21 July 2004

Censoring Both Enemies and Enemy Dissidents

Another article by Matt Welch in the June 2004 issue of The Walrus, under the headline Editing the Enemy: Censorship: The Next Generation, spells out some of the stupid side-effects of a new U.S. policy designed to embargo trade in information as well as goods.
Since September, 2003, it has been official U.S. policy that any American editor publishing a piece of writing that originated from a country under a full trade embargo -- meaning Iran, Cuba, Libya or Sudan -- is expressly prohibited from engaging in "activities such as the reordering of paragraphs or sentences, correction of syntax, grammar, and replacement of inappropriate words."

In other words, use a blue pencil, go to jail -- for up to ten years (and be subject to a maximum fine of $500,000).

Until recently, it was a restriction that most publishers either didn't know about, or quietly accepted.

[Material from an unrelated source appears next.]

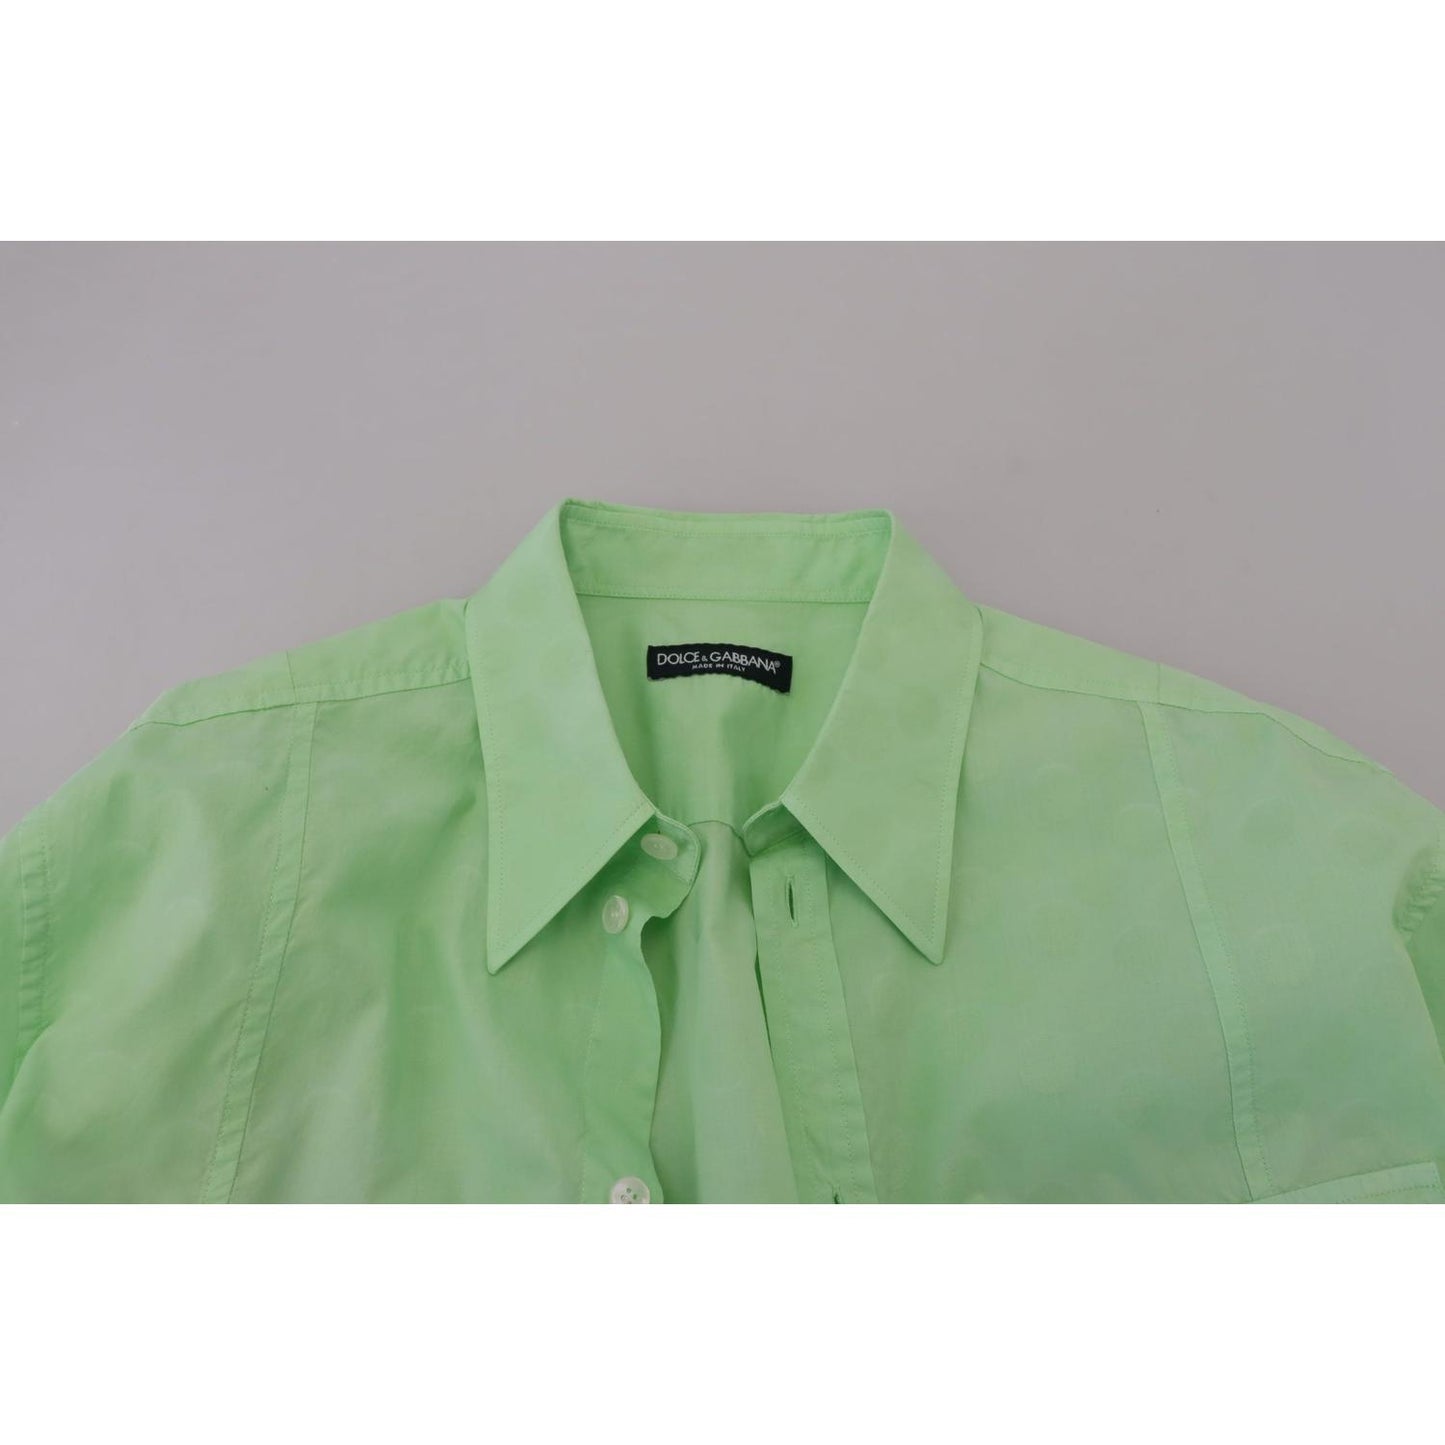 Dolce & Gabbana Mint Green Slim Fit Casual Button-Down Shirt mint-green-long-sleeves-button-down-shirt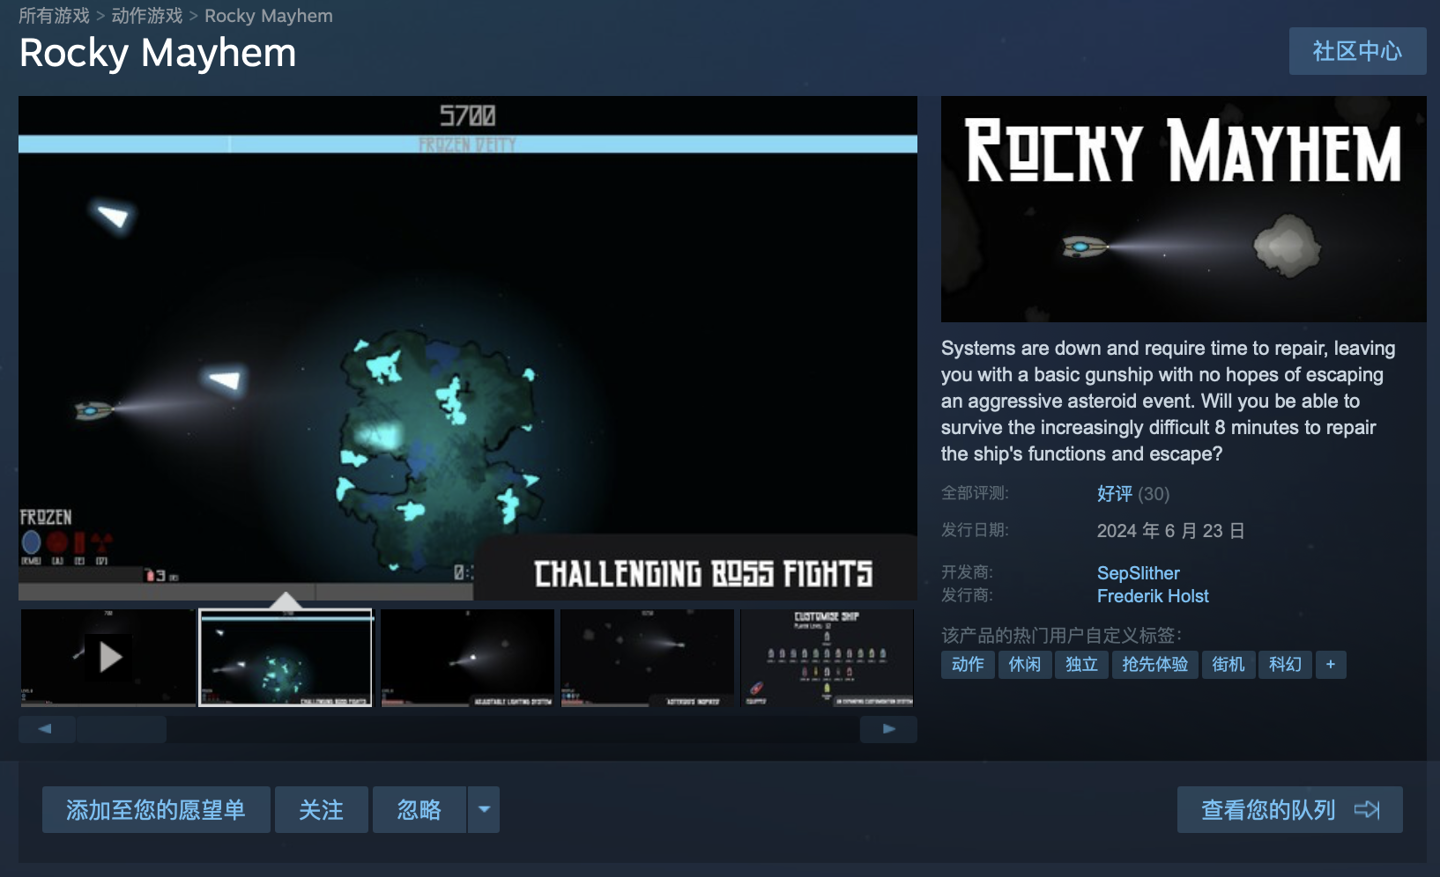 Steam 喜加一：“躲避小行星”休闲游戏《Rocky Mayhem》8 月 1 日前免费领

On September 30, 2003, the Office of Foreign Assets Control (OFAC), which is the arm of the Treasury Department charged with enforcing the 1917 Trading With the Enemy Act, informed the world's largest engineering association, the Institute of Electrical and Electronics Engineers (IEEE), that articles from Iran (and, therefore, from other fully embargoed countries) could be published in the U.S. only if they could be printed with no additional editing or even illustration....

The Institute complied, and stopped editing all published material originating in Iran. Word travelled over the technical-publishing grapevine, and several small journals stopped accepting Iranian manuscripts altogether.

Then on January 23, the Association of American Publishers (AAP) issued a detailed legal analysis arguing that OFAC's new rules violated not only the First Amendment of the Constitution, but Congress's 1988 Berman Amendment, and the 1994 Free Trade in Ideas Amendment, which specifically allow for the exchange of informational materials with countries under embargo....

The Iranian exile community, which numbers in the hundreds of thousands here in "Tehrangeles," were only in late March beginning to grasp that these restrictions, if fully enforced, could prevent dissident writers from having their work published in the U.S., and inflict chilling damage on the burgeoning academic field of Iranian Studies. "It's just a blanket-type thing covering all written pieces in all domains? Wow, I mean it doesn't make any sense to me," said Hossein Ziai, director of UCLA's Iranian Studies program, which he describes as "one of the largest in North America, if not the largest."

"How can you translate without copy editing?" Ziai asked, posing one of the vexing questions OFAC has yet to clarify.